Branch's gallery of historic characters also includes:

Malcolm X, who challenged King's vision of nonviolent integration and lived under threat of death from the Nation of Islam.

Lyndon Johnson, who believed racial conflict was destroying his political base in the South and threatening his dream to end poverty.

J. Edgar Hoover, under whose direction the FBI, with Attorney General Robert Kennedy's approval, spied on King with wiretaps and bugs, and yet solved the most heinous racial crimes of the era.

Diane Nash, the passionate leader behind sit-ins and Freedom Rides, whose determination shaped the Selma voting rights movement.
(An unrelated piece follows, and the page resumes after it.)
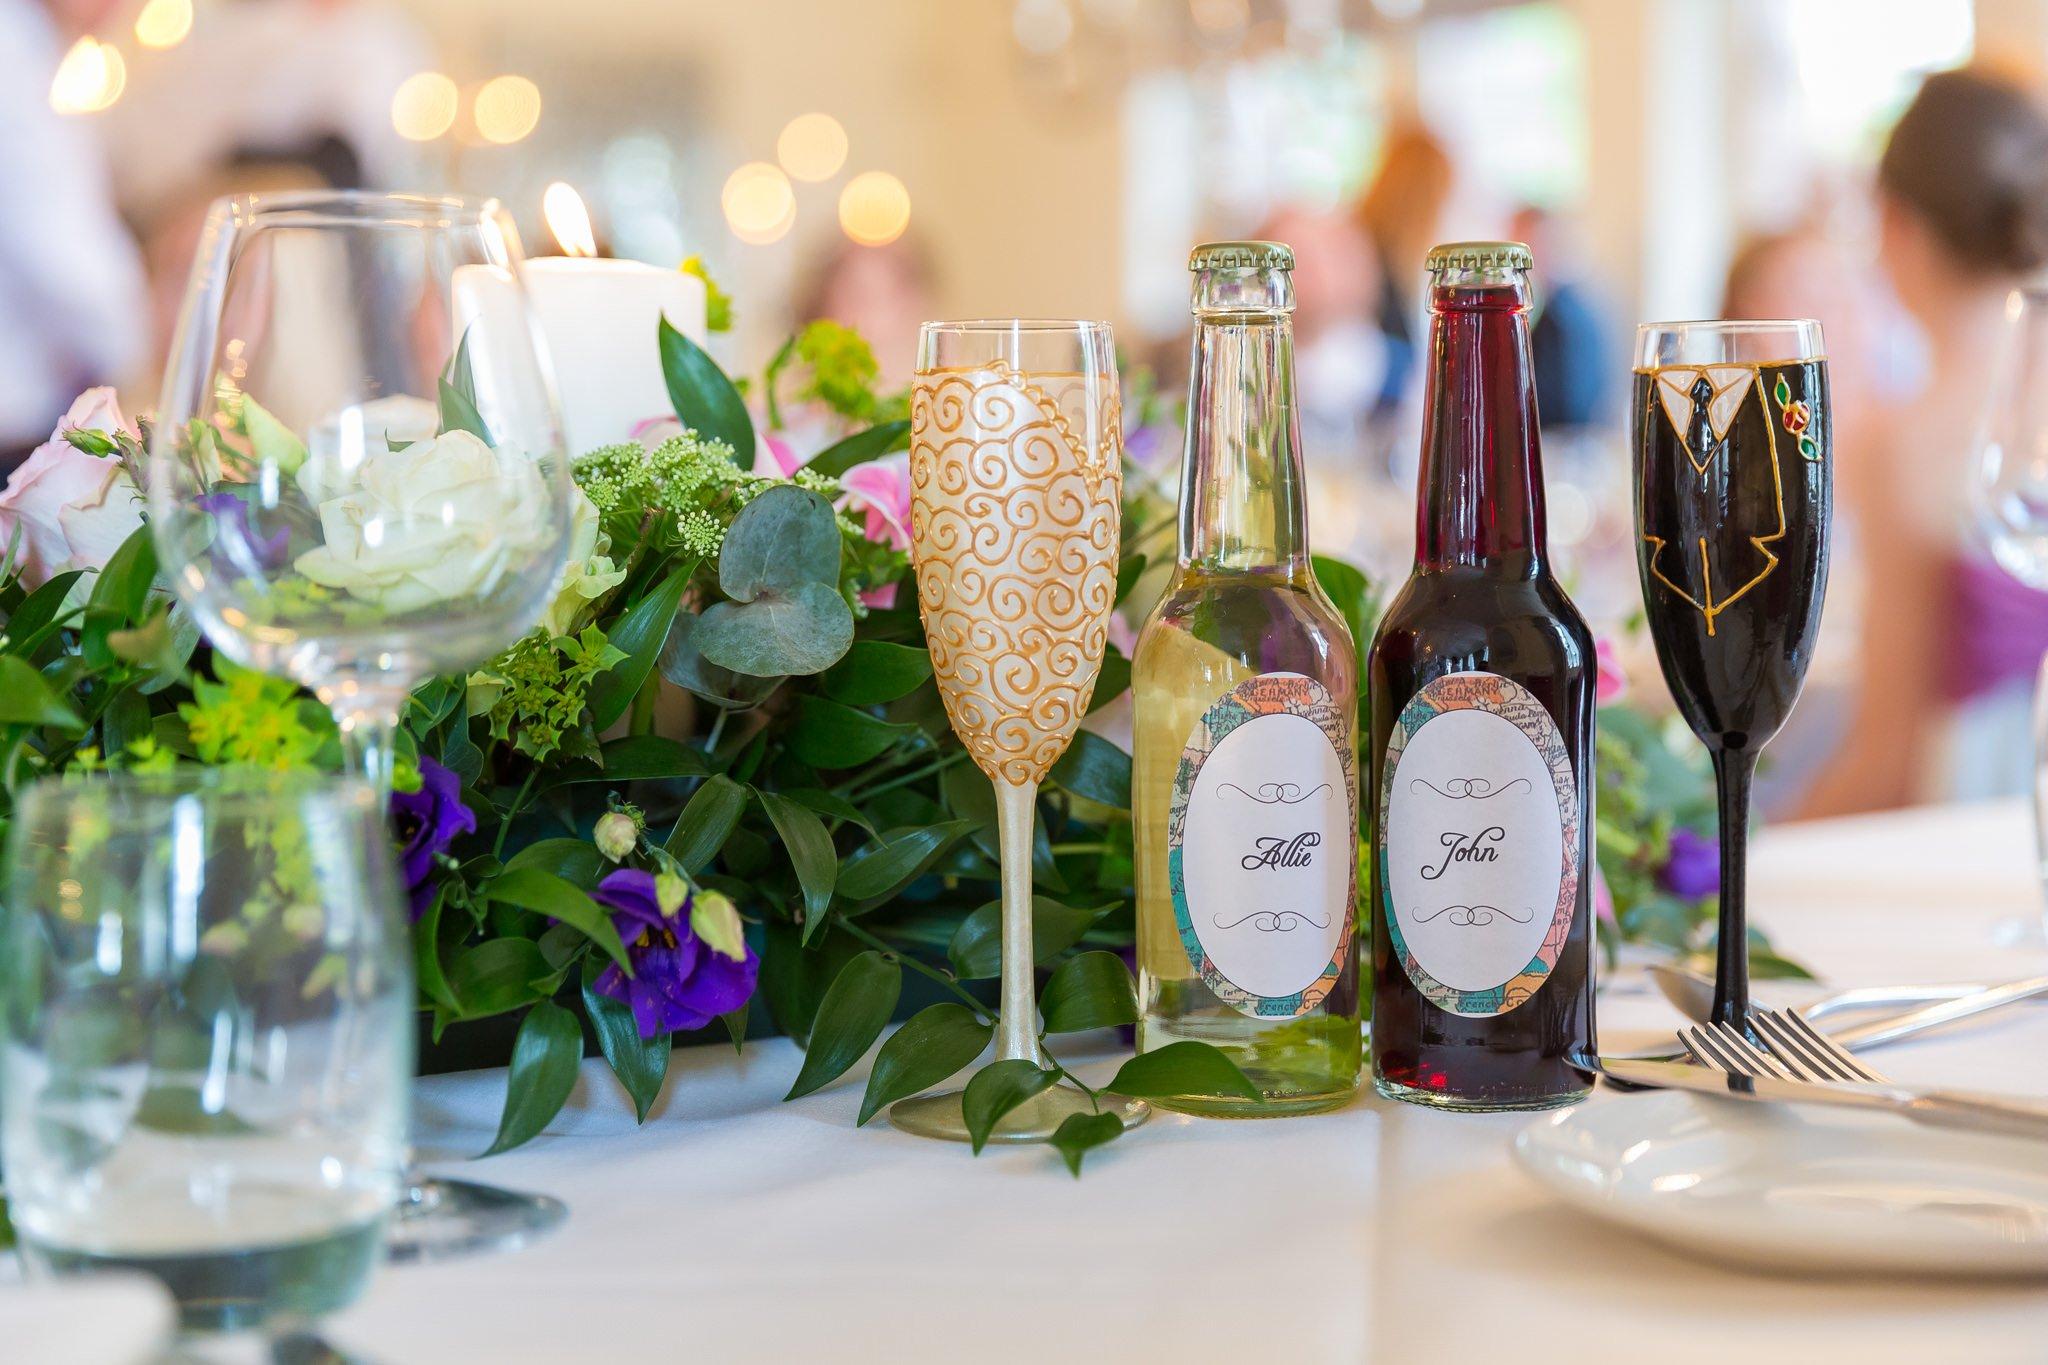 Home made wedding drinks

Abraham Heschel, the Hasidic theologian who bonded with King in devotion to the Hebrew prophets.

Robert Moses, the Mississippi SNCC leader who finally came undone over the human suffering caused by his Freedom Summer.
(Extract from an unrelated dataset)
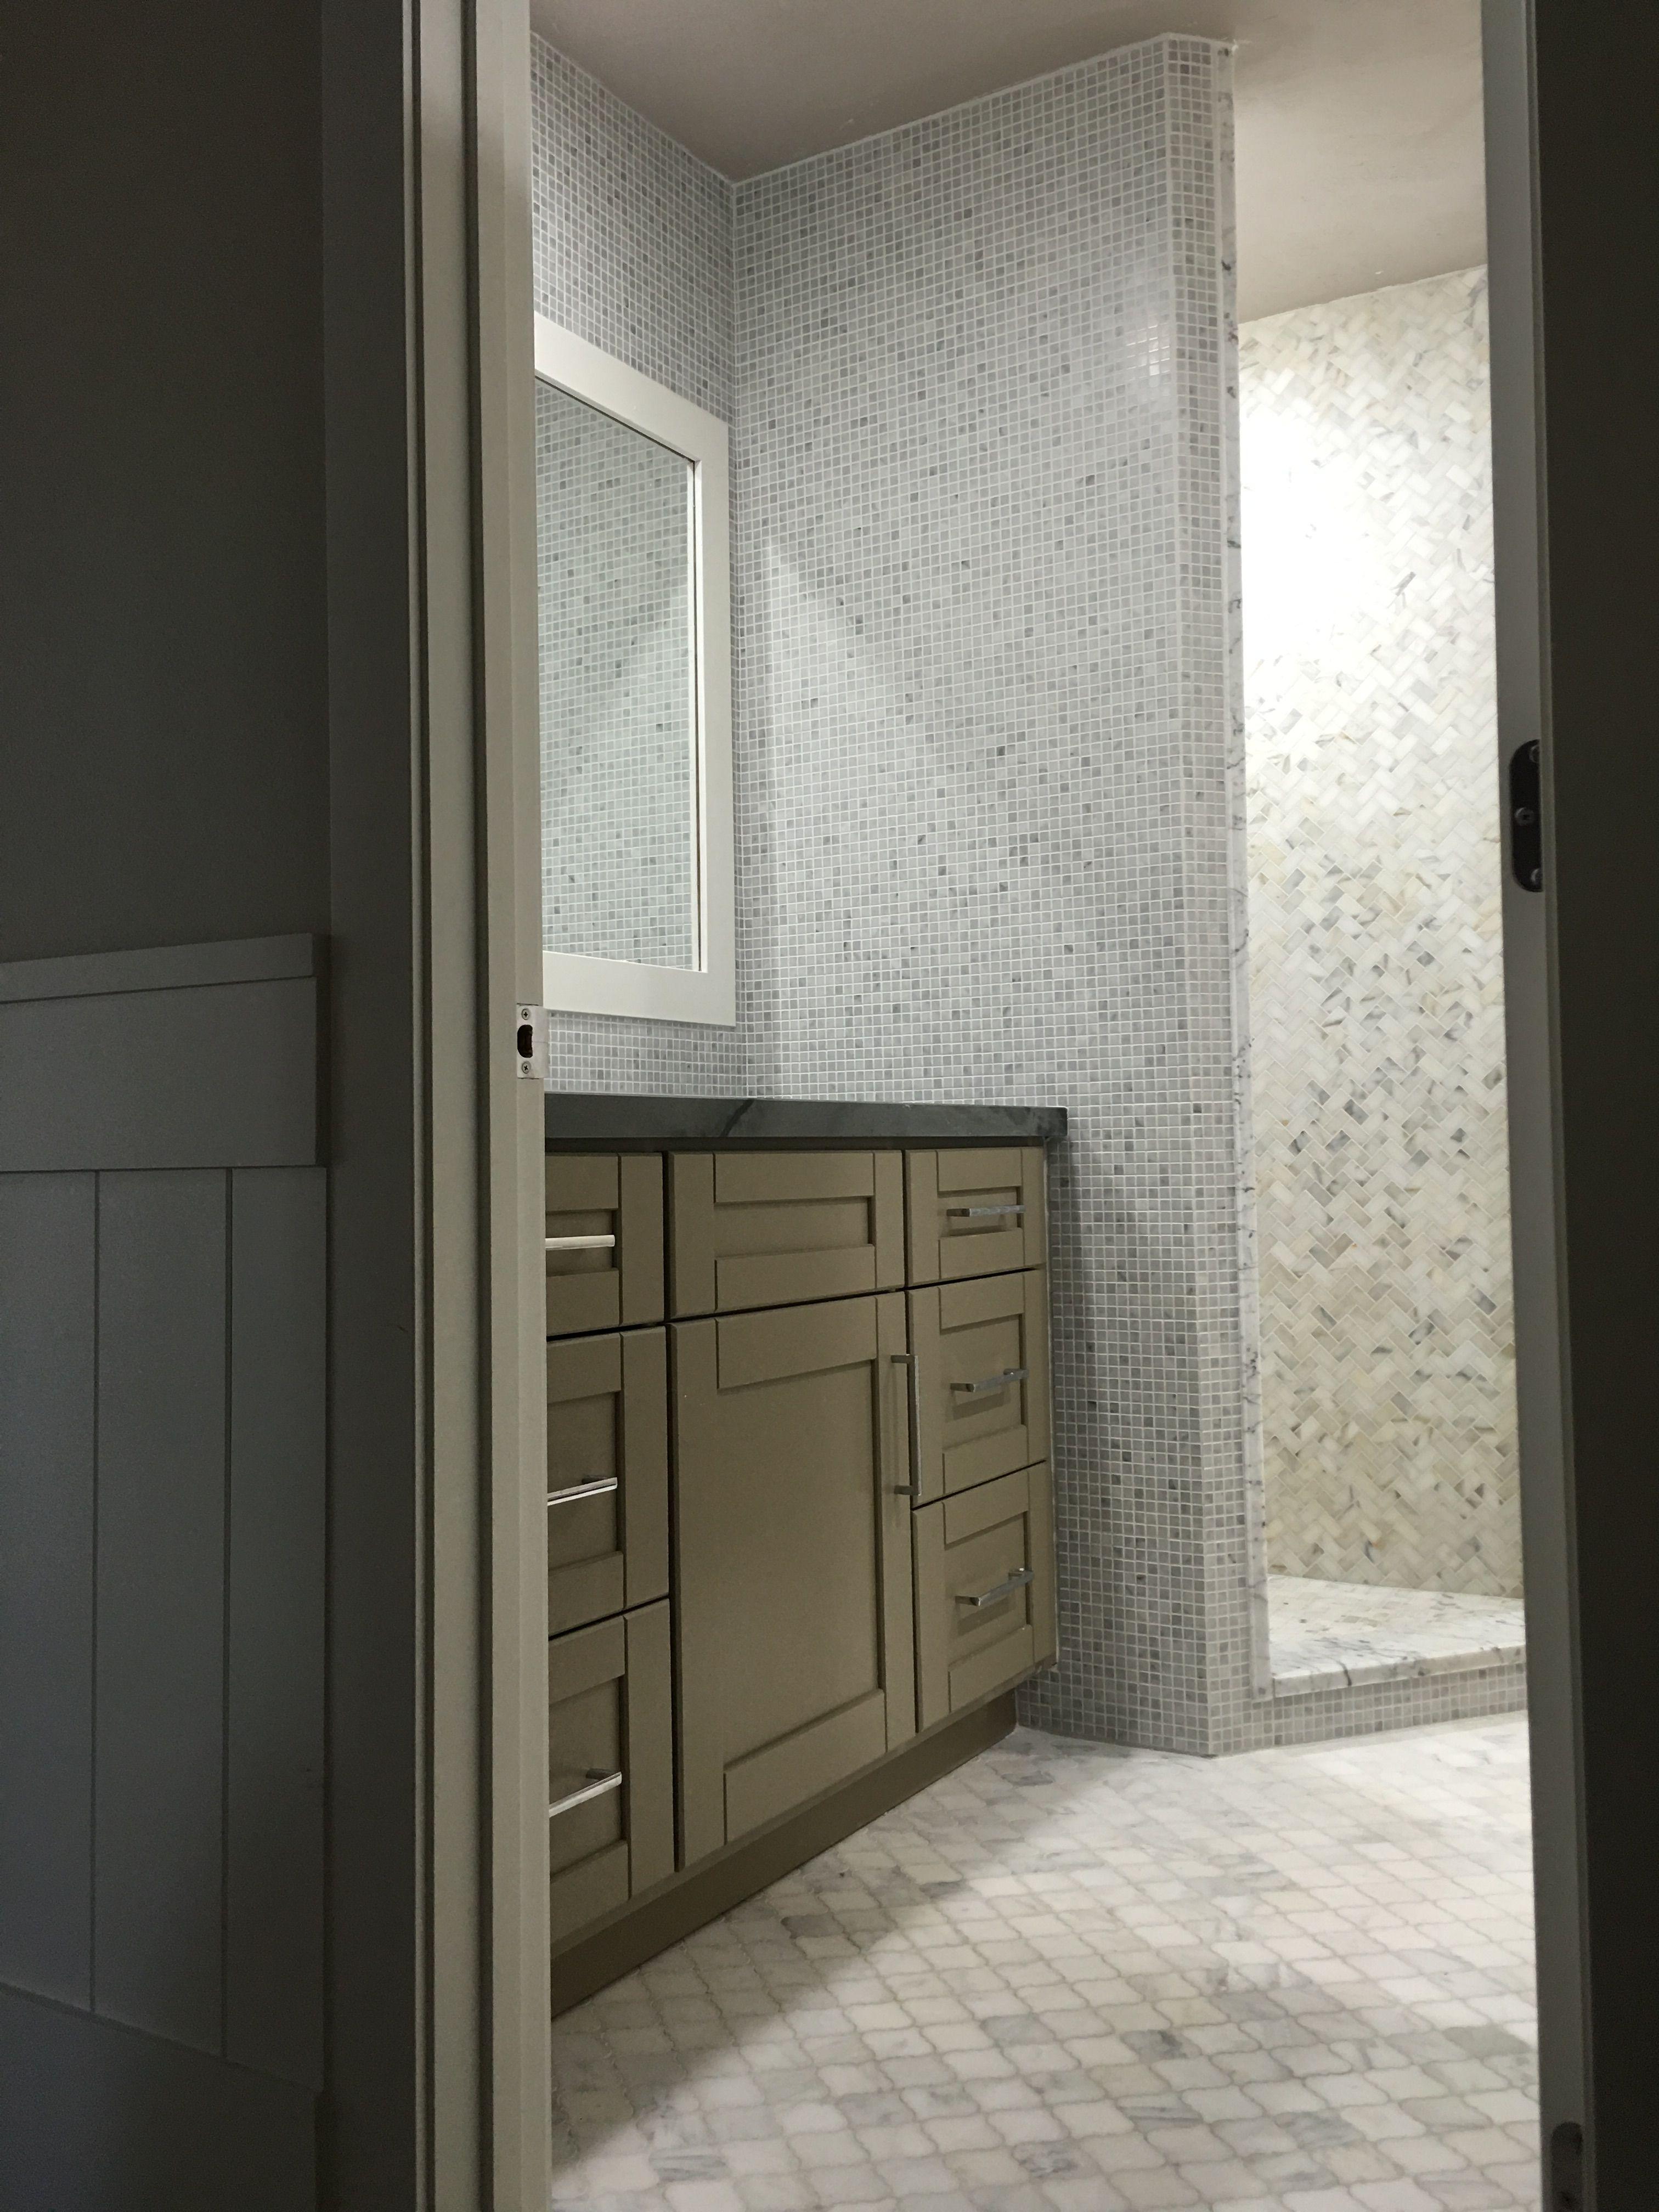 Backsplash accent wall: Honed Bianco Carrara Marble 5/8\

Fannie Lou Hamer, a sharecropper who commanded a powerful voice for the unlettered.

"Pillar of Fire" takes readers inside the dramas that shook every American institution, from the local pulpit to the Presidency. We disappear with courageous young people into Mississippi's feudal Parchman Penitentiary. We absorb the shock of a single Presidential election in 1964 that revolutionized the structure of partisan politics. We follow Northern rabbis summoned by King, and Mary Peabody, mother of the governor of Massachusetts, into the segregated jails of St. Augustine, Florida. We witness the Shakespearean conflicts between Lyndon Johnson and King and Hoover and Robert Kennedy.
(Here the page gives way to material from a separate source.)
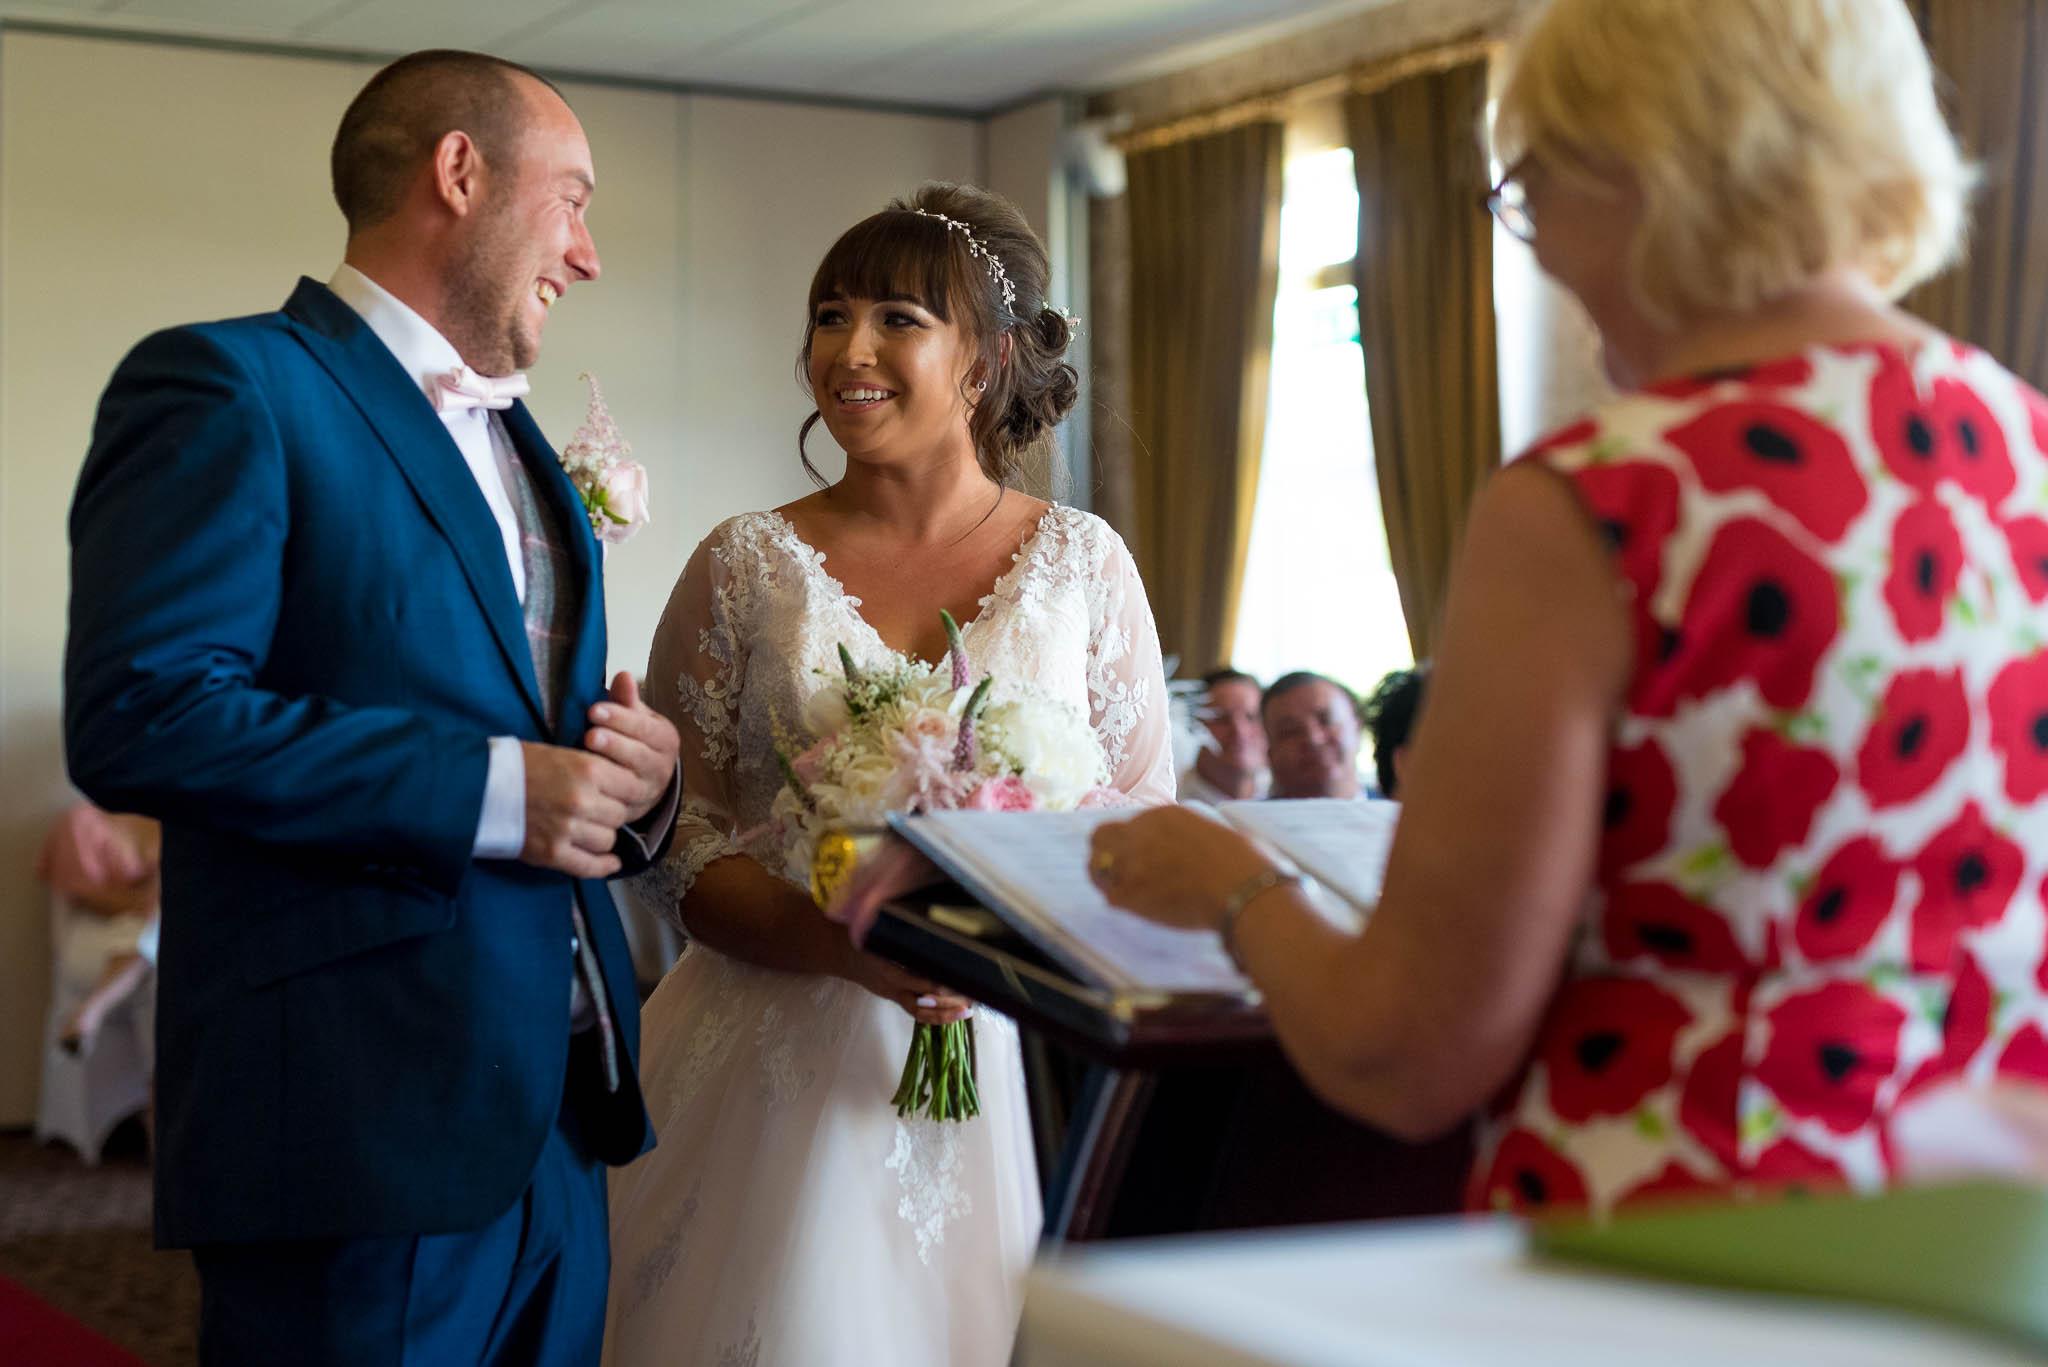 Darrington Golf Club Wedding Photographer73.jpg

Branch brings to bear fifteen years of research-- archival investigation; nearly two thousand interviews: new primary sources, from FBI wiretaps to White House telephone recordings-- in a seminal work of history. "Pillar of Fire" captures the intensity of the legendary King years, when the movement broke down walls between races, regions, sexes, and religions, and between America and the larger world. Its struggle to rescue and redeem, its victories and defeats, its failings and sacrifices gave rise to opposing tides that still dominate the national debate about justice and democratic government. The story of this movement is an incandescent chapter in America's distinctive quest for freedom.


Parting the Waters

by Taylor Branch

Published 15 November 1988
In "Parting the Waters", Branch chronicles the Civil Rights struggle, from the twilight of the Eisenhower years through King's fiery political baptism, the ascension of John F Kennedy, and ultimately, the dawning of the New South. Moving from the black churches where the movement began in anthems, sermons, and prayers, to Washington, where the Kennedy brothers weighed the demands of a down-trodden people against the volatile realities of politics, Branch weaves a tapestry of exciting stories - the Montgomery bus boycott, the Freedom Rides, and - as the movement reached its apex - the tragedy of Kennedy's assassination. Taylor Branch is a former staff member of "The Washington Monthly", "Harper's", and "Esquire". Co-author of "Second Wind" and "Labyrinth", he is also the author of a novel "The Empire Blues".